The term comes from the Institute of Electrical and Electronics Engineers (IEEE) 802 series of standards for LANs and MANs developed following the invention of Ethernet LANs by the Digital Equipment Corporation (now a part of HP), Xerox and Intel in 1979.
And people say Xerox never does anything original!
The first kind of LAN, Ethernet, employed a bus topology. The term bus comes from the Latin word omnibus, meaning "all". It is used in electrical power systems, where a bus is a thick metal bar used to distribute electricity to many circuits.

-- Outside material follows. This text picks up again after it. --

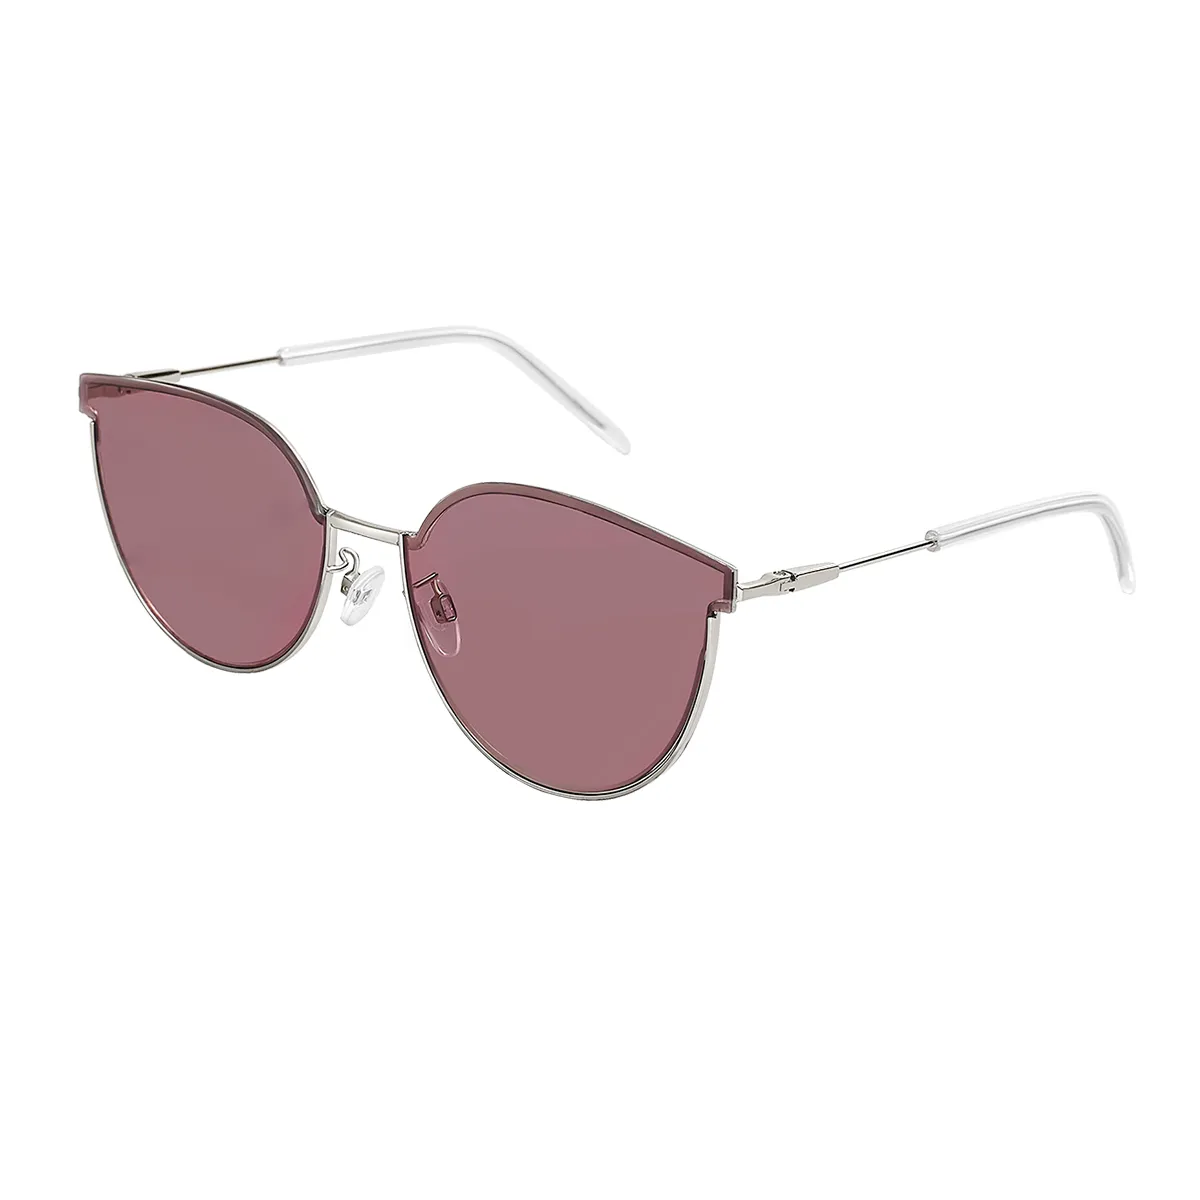 Elise - Cat-eye Silver/1 Sunglasses for Women

photo of a bus bar photo of Ethernet 10BASE-5 LAN
Electrical Bus Bar Ethernet Bus LAN
The photograph on the left is a close-up of a bus bar, connecting one side of many circuits together inside a power panel.

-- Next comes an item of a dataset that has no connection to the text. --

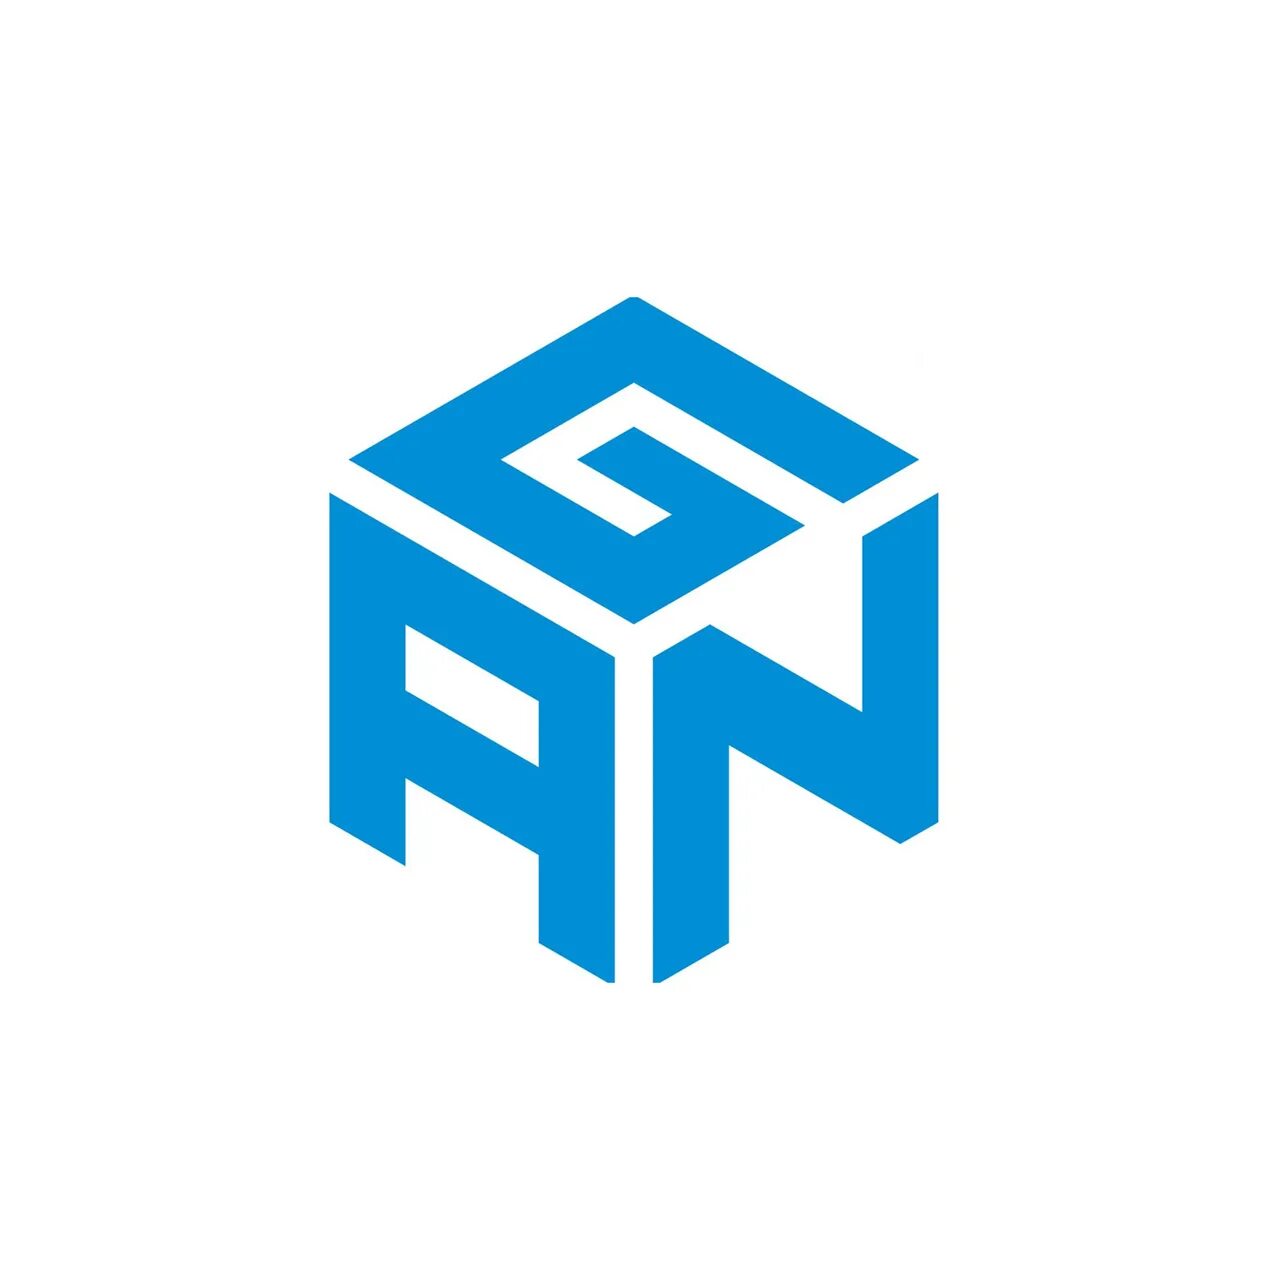 Логотип MOYU. Gan Cube. Логотип кубик. Компания gancube.

For Ethernet LANs, instead of a metal bar, a coaxial cable was used for the bus. The photograph on the right shows one tail circuit connected to the bus cable via a transceiver.
Many transceivers and tail circuits would be connected to the bus, one per computer.
This is better illustrated with a block diagram:
graphic illustration of LAN bus topology
Since the computers are all connected to the common bus, if one transmits, all the others will hear the transmission. The term broadcast domain is used to refer to this group of computers; they broadcast transmissions to all the other computers in the group.
Since all computers receive the transmission, a means of indicating which computer the transmission is intended for, which one should react to the transmission is required. This is accomplished by attaching an address that indicates the desired computer to the data before broadcasting it to the group.
IEEE standard 802 defines a Media Access Control (MAC) service to do this addressing plus other tasks including framing, access control and error control. Since the MAC service performs only part of the OSI Layer 2 functions, it is called the MAC sublayer.
The addresses are called MAC addresses.
Every computer is assigned a unique MAC address. Or to be more precise, the integrated circuit in the computer implementing the physical connection to the LAN, called the LAN interface, is assigned a unique MAC address.
At present, MAC addresses are six bytes or 48 bits long: the first three bytes are a unique code identifying the manufacturer of the LAN interface, and the last three bytes are a production serial number. It is often written using 12 hexadecimal characters as illustrated.
10BASE-2 Ethernet Card Adapter with MAC Address sticker
To communicate data to another computer in the group, a segment of the data is packaged with the MAC address of the desired destination computer, the MAC address of the source computer, error checking and framing into a MAC frame that is then broadcast to all the computers in the group.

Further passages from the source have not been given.